Scientific classification
- Kingdom: Animalia
- Phylum: Chordata
- Class: Aves
- Order: Procellariiformes
- Family: Procellariidae
- Genus: Pachyptila
- Species: P. macgillivrayi
- Binomial name: Pachyptila macgillivrayi (Mathews, 1912)

= MacGillivray's prion =

- Genus: Pachyptila
- Species: macgillivrayi
- Authority: (Mathews, 1912)
- Conservation status: CR

Species of bird

MacGillivray's prion (Pachyptila macgillivrayi) is a species of small petrel (a prion) in the Southern Ocean. It is found on Roche Quille, off Saint Paul Island and on Gough Island in the Tristan da Cunha group, south-central Atlantic Ocean. It was formerly present on Amsterdam Island in the central South Indian Ocean. The population on Saint Paul Island has been increasing since the 1990s eradication of introduced rats and rabbits, but is still likely smaller than the original size.

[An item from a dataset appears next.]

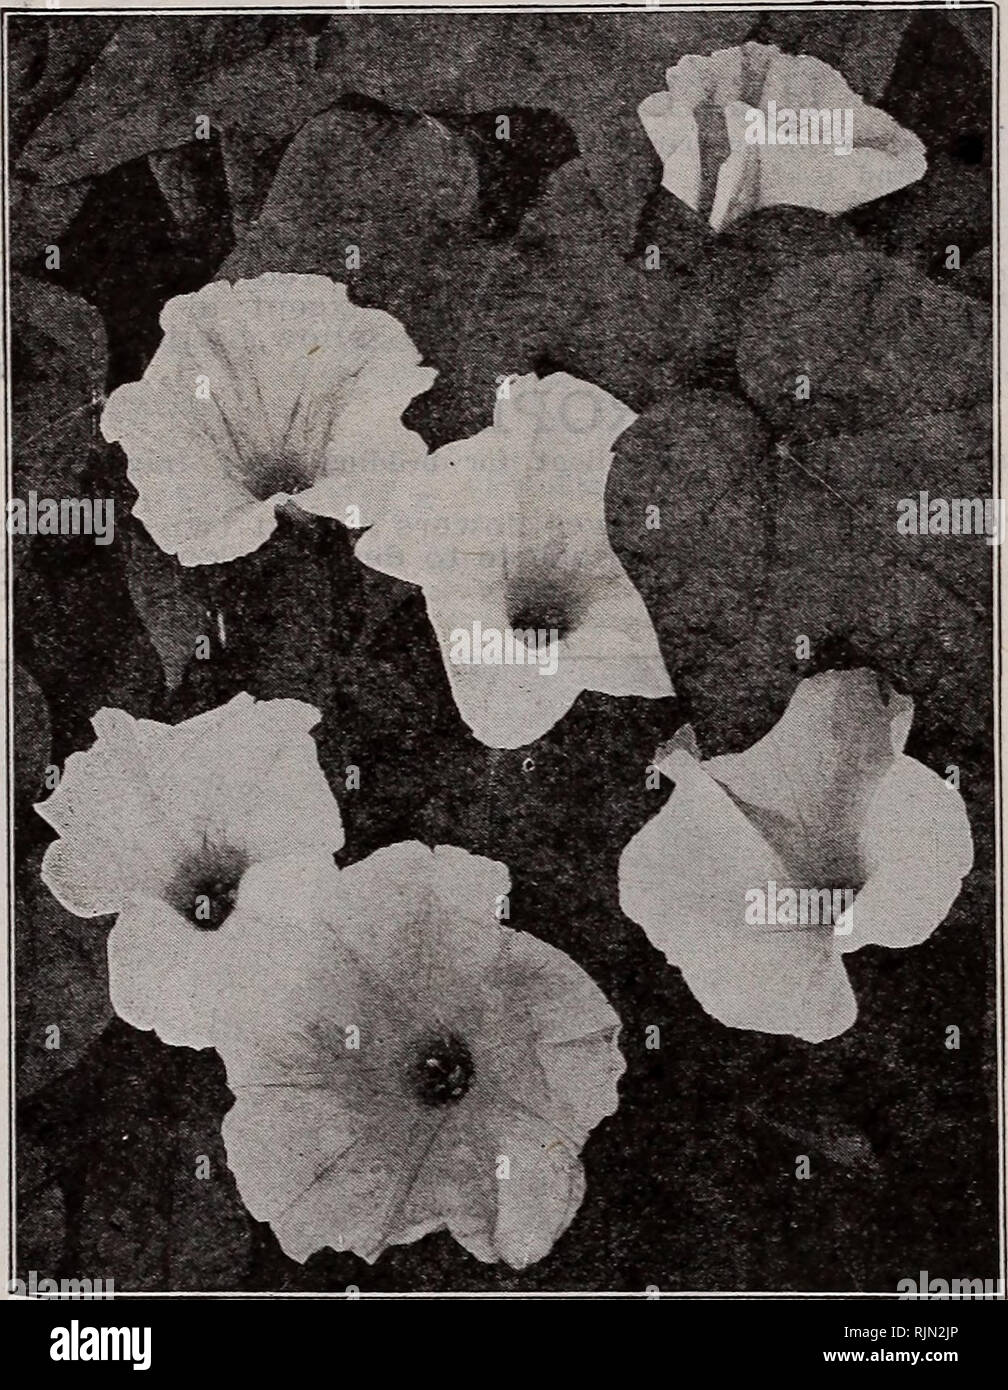 . Barnard's seeds, bulbs, shrubs 1922. Seeds Catalogs; Vegetables Seeds Catalogs; Flowers Seeds Catalogs; Fruit Seeds Catalogs; Nurseries (Horticulture) Catalogs. 60 The W. W. Barnard Co., 231-235 W. Madison St., Chicago ICE PLANT Tender annual of drooping habit. Useful in baskets and vases. Has peculiar leaves covered with small pustules. 3155âCrystallinum. Fine for pots 10c IMPATIENS (Zanzibar Balsam) G. P. 1 foot. Valuable for pot culture as well as bedding. The delicate flowers are very pretty and constantly in bloom. 3160â Holstii. Vermilion 10c 3161â Sultani. Bright rose 10c 3166âSultani Stock Photo

MacGillivray's prion was formerly considered to be conspecific with Salvin's prion but is now considered to be a separate species based on molecular phylogenetic analysis and a comparison of the bill morphologies that was published in 2022.

MacGillivray's prions moult for longer than other prion species.

Their diet and foraging habits are generally unknown, but they are hypothesized to feed on small zooplankton.